STORED DATA:
┏━━
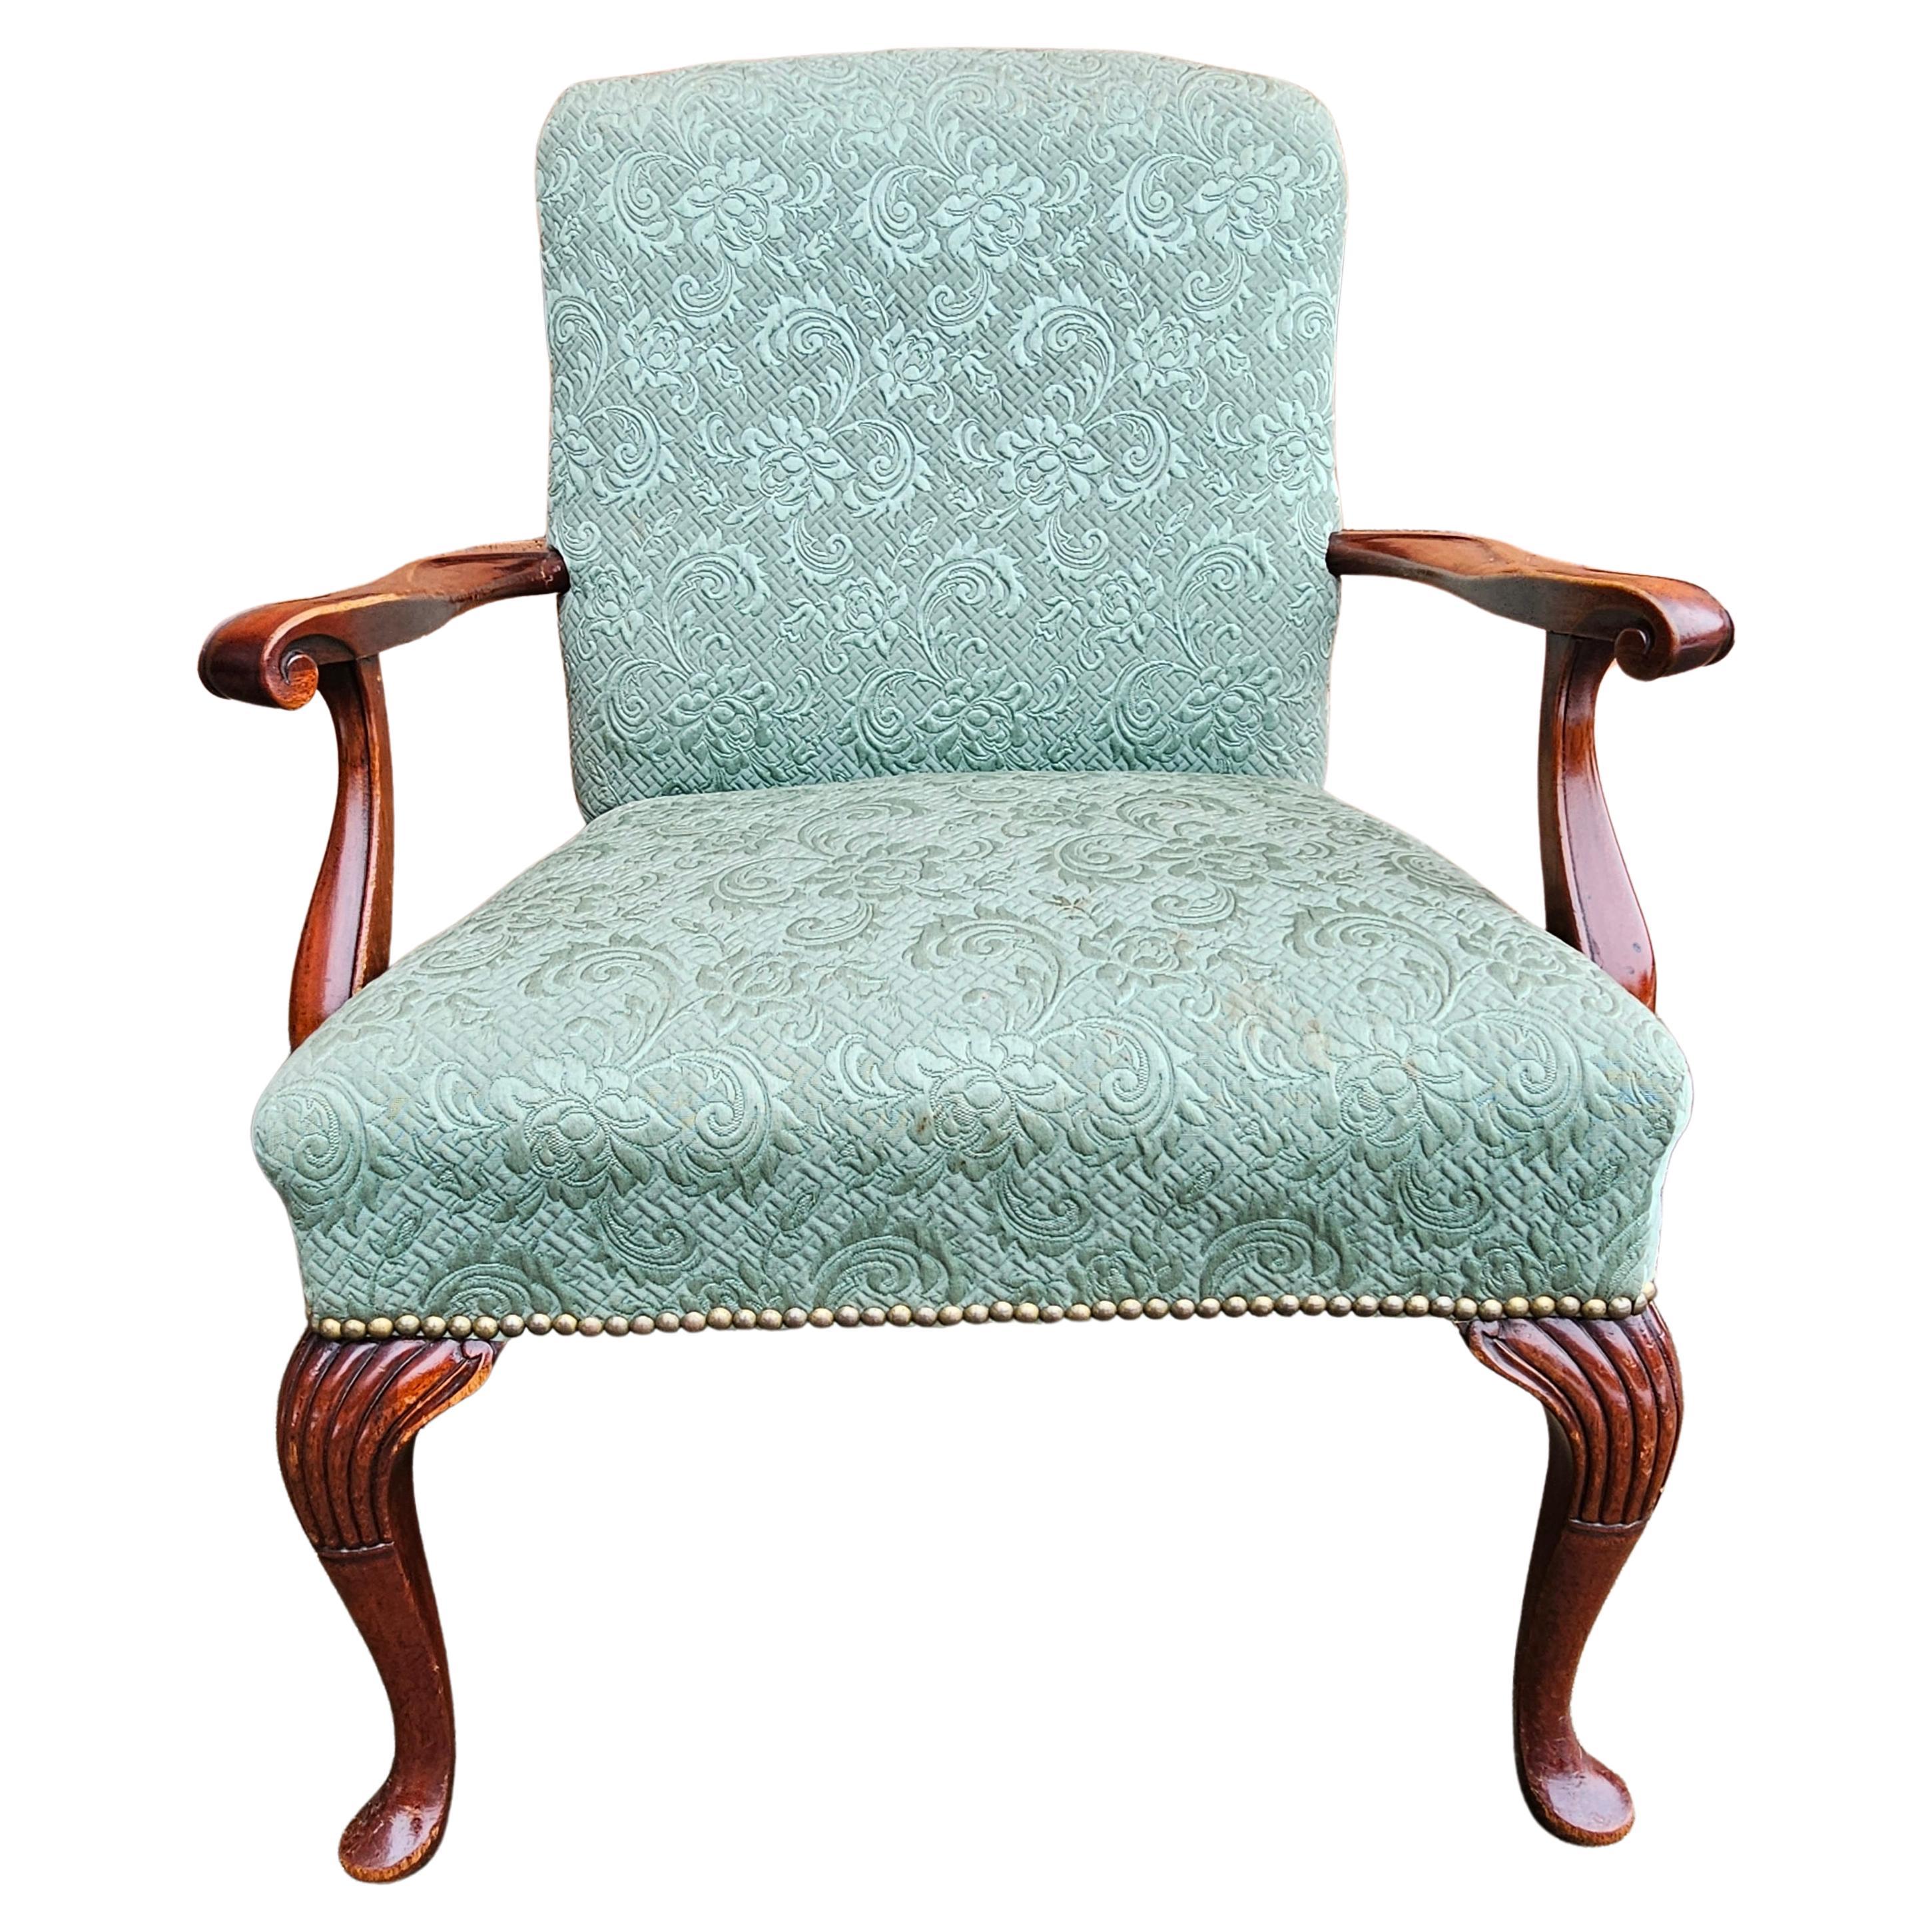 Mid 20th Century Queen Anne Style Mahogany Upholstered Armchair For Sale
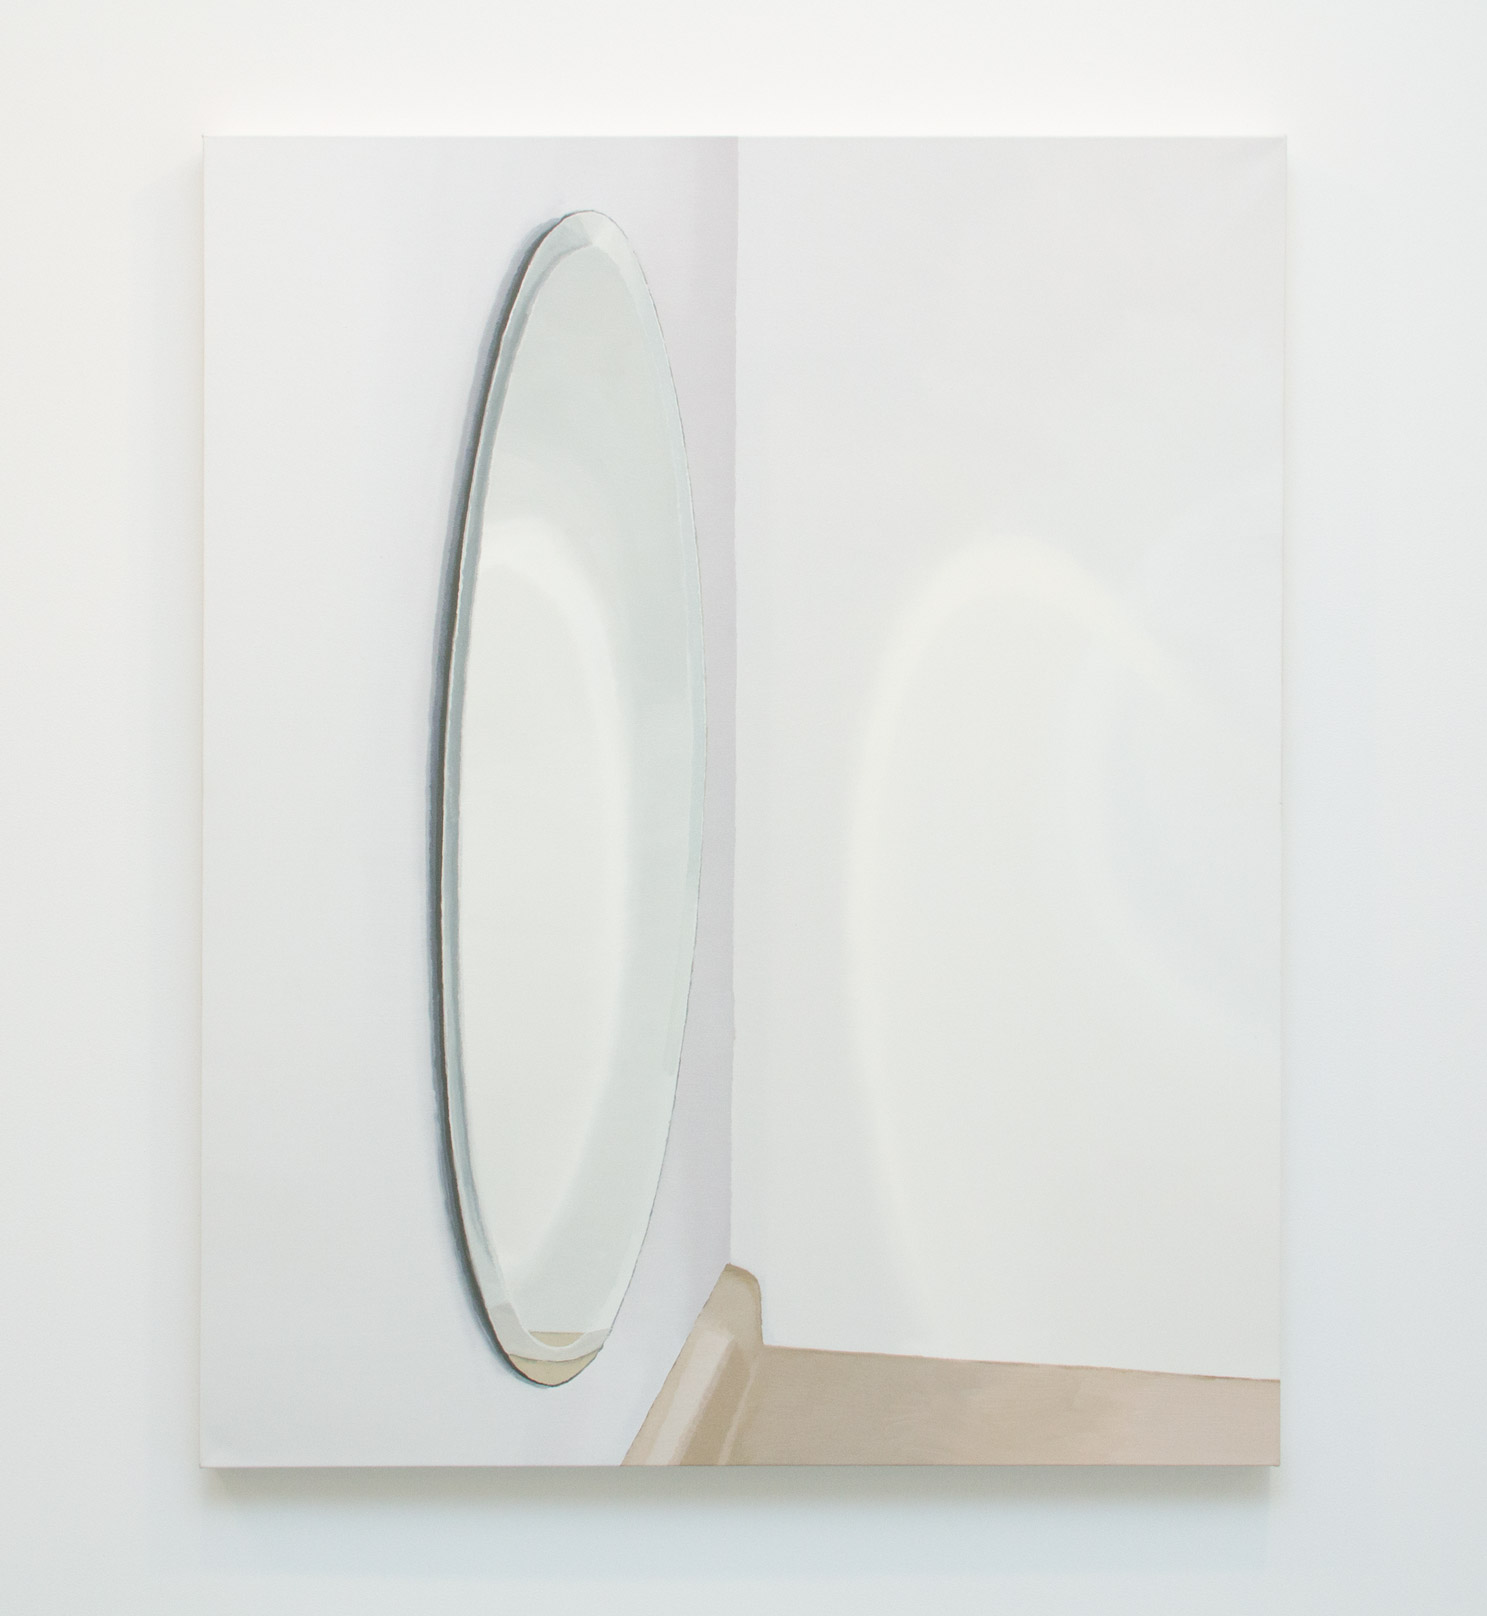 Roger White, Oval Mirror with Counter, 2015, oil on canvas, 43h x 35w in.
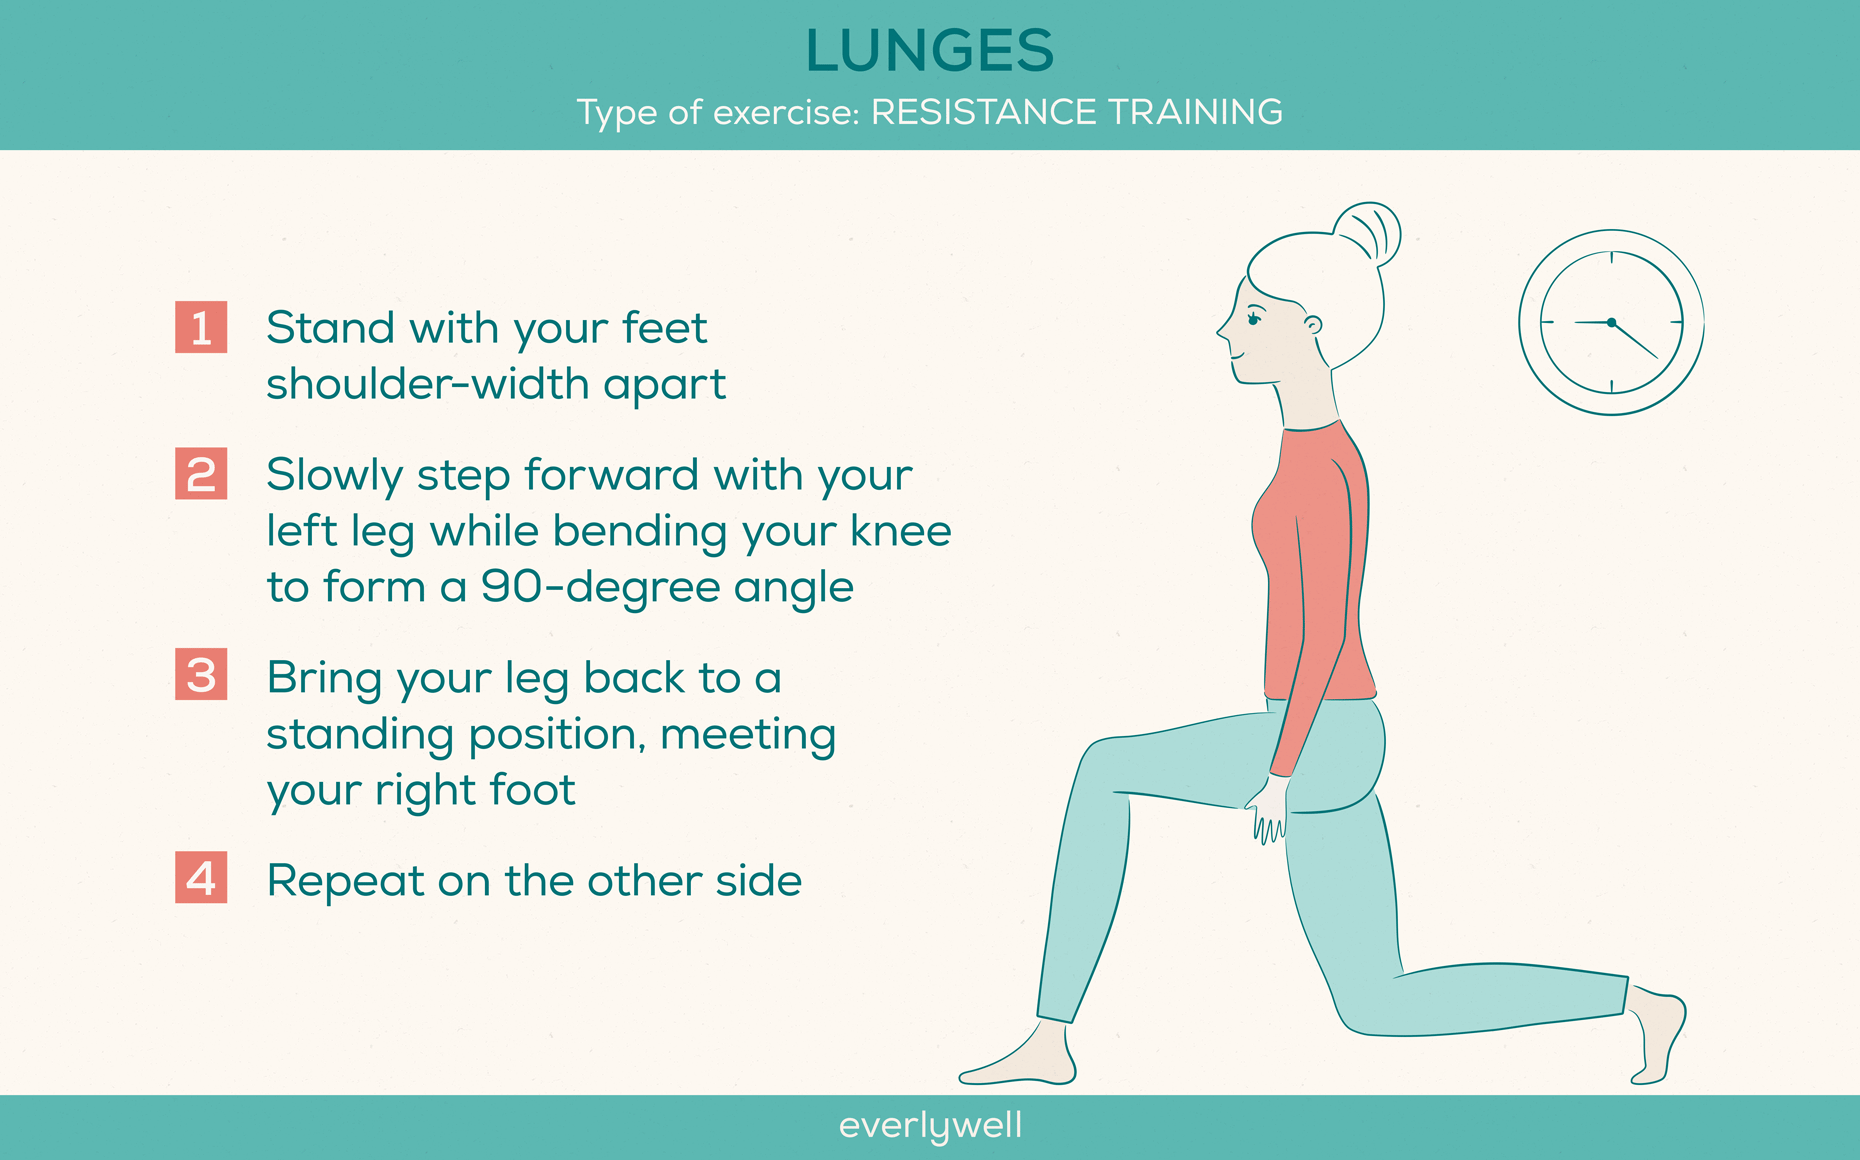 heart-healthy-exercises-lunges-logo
┗━━
REQUIRED WORK: Output all of the data word for word, excluding any pictures.

TASK SOLUTION:
 Mid 20th Century Queen Anne Style Mahogany Upholstered Armchair For Sale
 Roger White, Oval Mirror with Counter, 2015, oil on canvas, 43h x 35w in.
 heart-healthy-exercises-lunges-logo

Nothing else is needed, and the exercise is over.